### INSTRUCTIONS FOR THE TASK
The data below is to be written out exactly, with no pictures.

BEGIN DATA BELOW

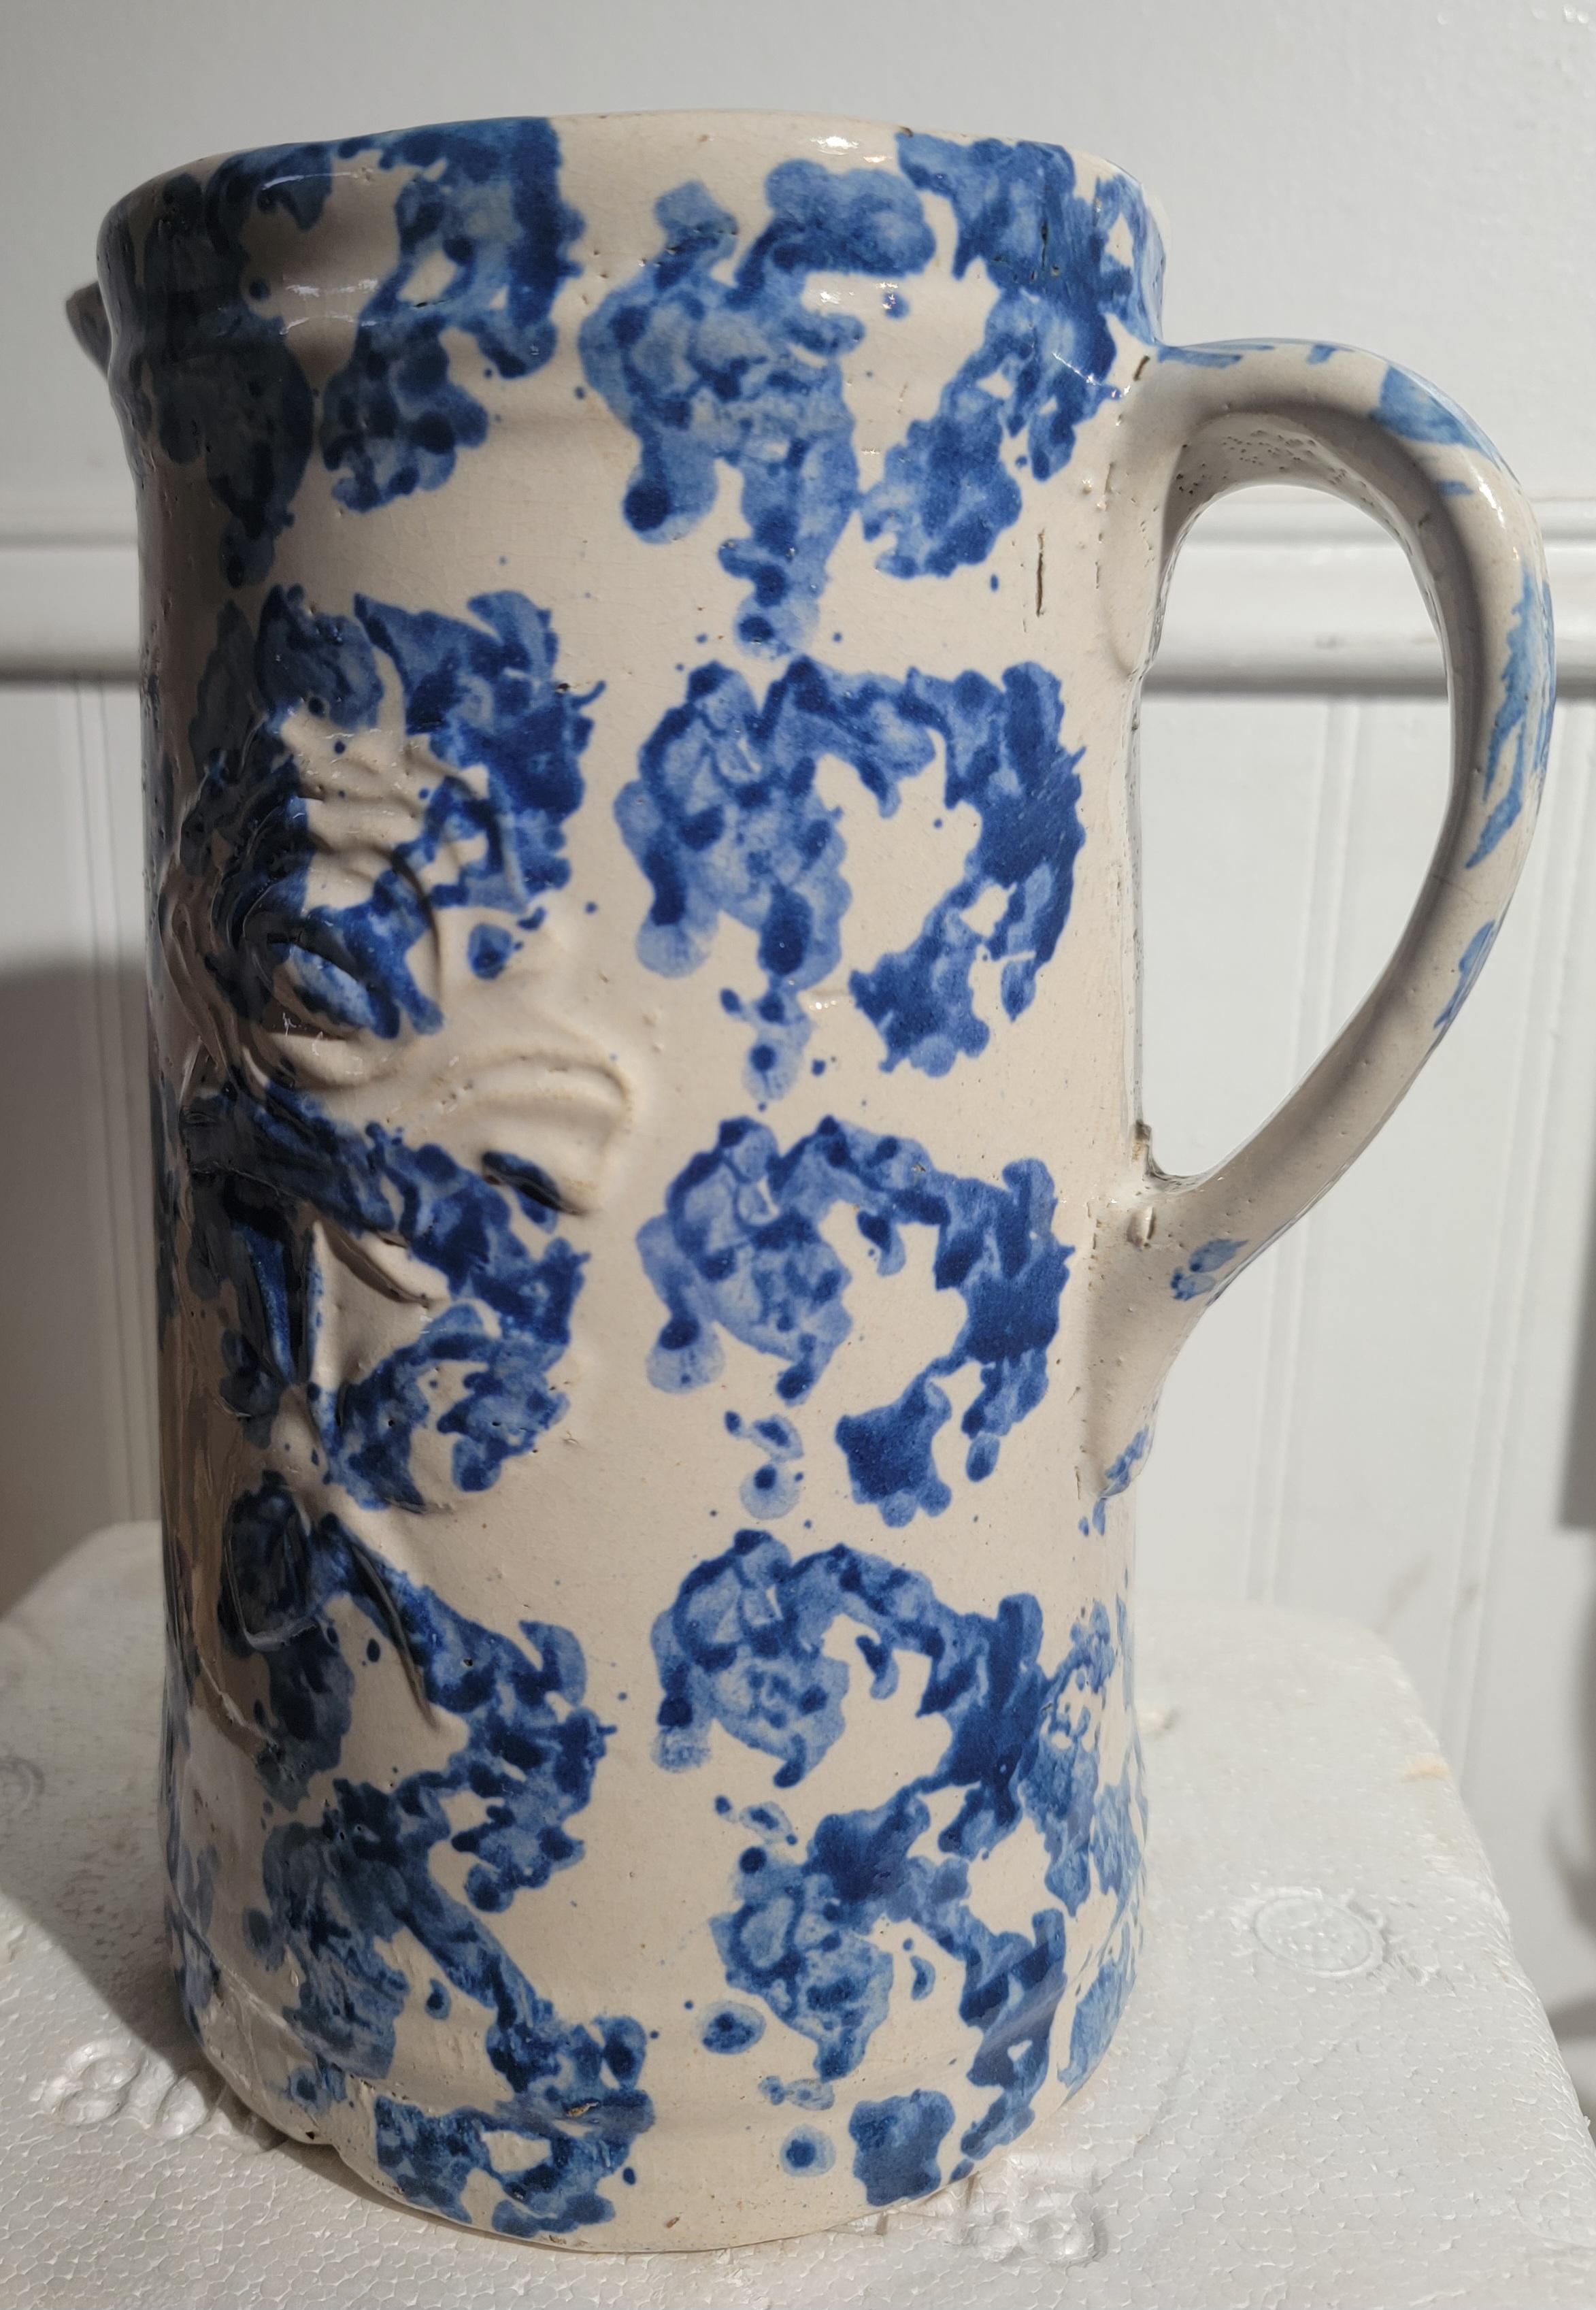 19thc Sponge ware with smoke ring pattern in blue and white. Tall pitcher in great condition. Great wear from age and use.  The flower design is on both side of the pitcher with great texture.
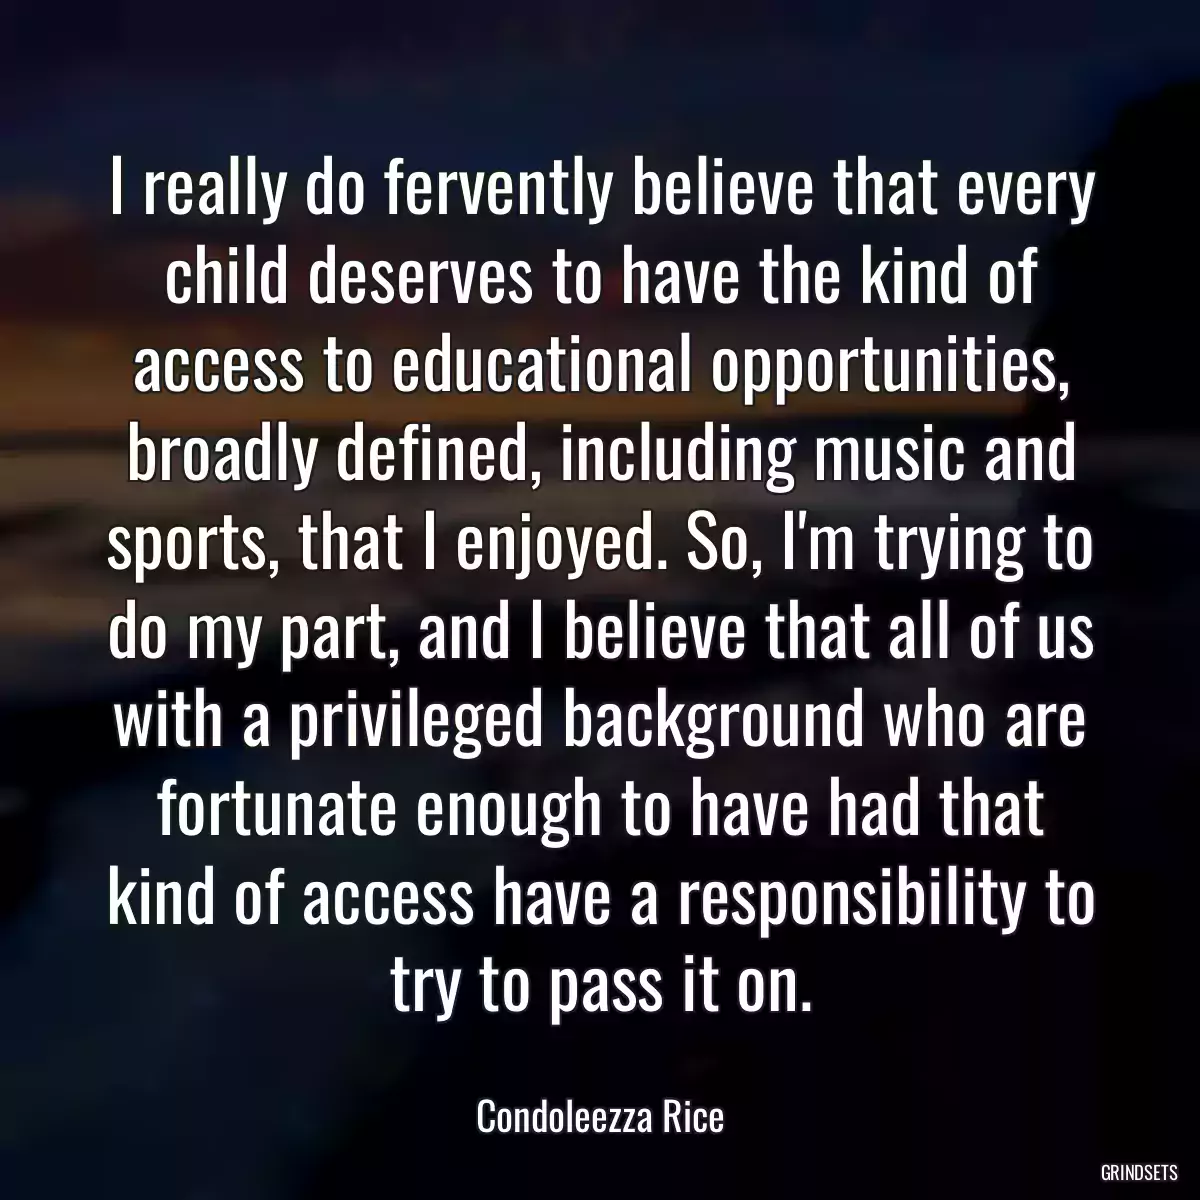 I really do fervently believe that every child deserves to have the kind of access to educational opportunities, broadly defined, including music and sports, that I enjoyed. So, I\'m trying to do my part, and I believe that all of us with a privileged background who are fortunate enough to have had that kind of access have a responsibility to try to pass it on.
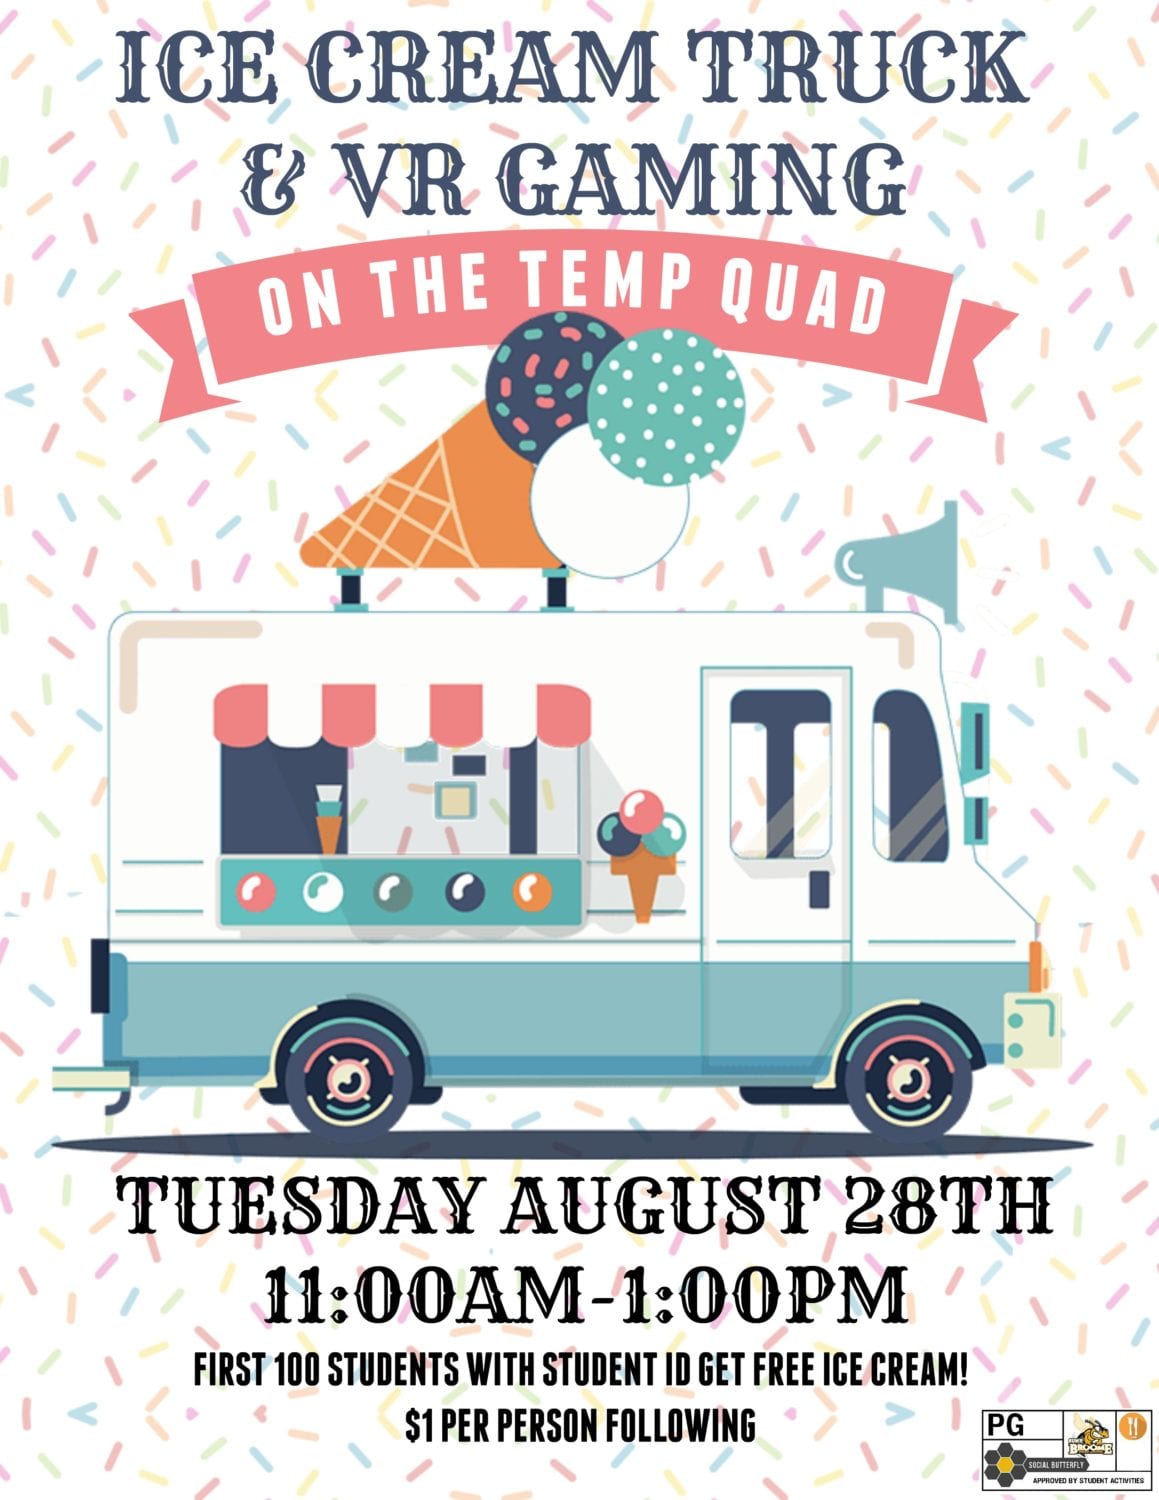 Virtual Reality Gaming with Ice Cream Truck on Aug. 28

END DATA BELOW

### YOUR SOLUTION
 19thc Sponge ware with smoke ring pattern in blue and white. Tall pitcher in great condition. Great wear from age and use.  The flower design is on both side of the pitcher with great texture.
 I really do fervently believe that every child deserves to have the kind of access to educational opportunities, broadly defined, including music and sports, that I enjoyed. So, I\'m trying to do my part, and I believe that all of us with a privileged background who are fortunate enough to have had that kind of access have a responsibility to try to pass it on.
 Virtual Reality Gaming with Ice Cream Truck on Aug. 28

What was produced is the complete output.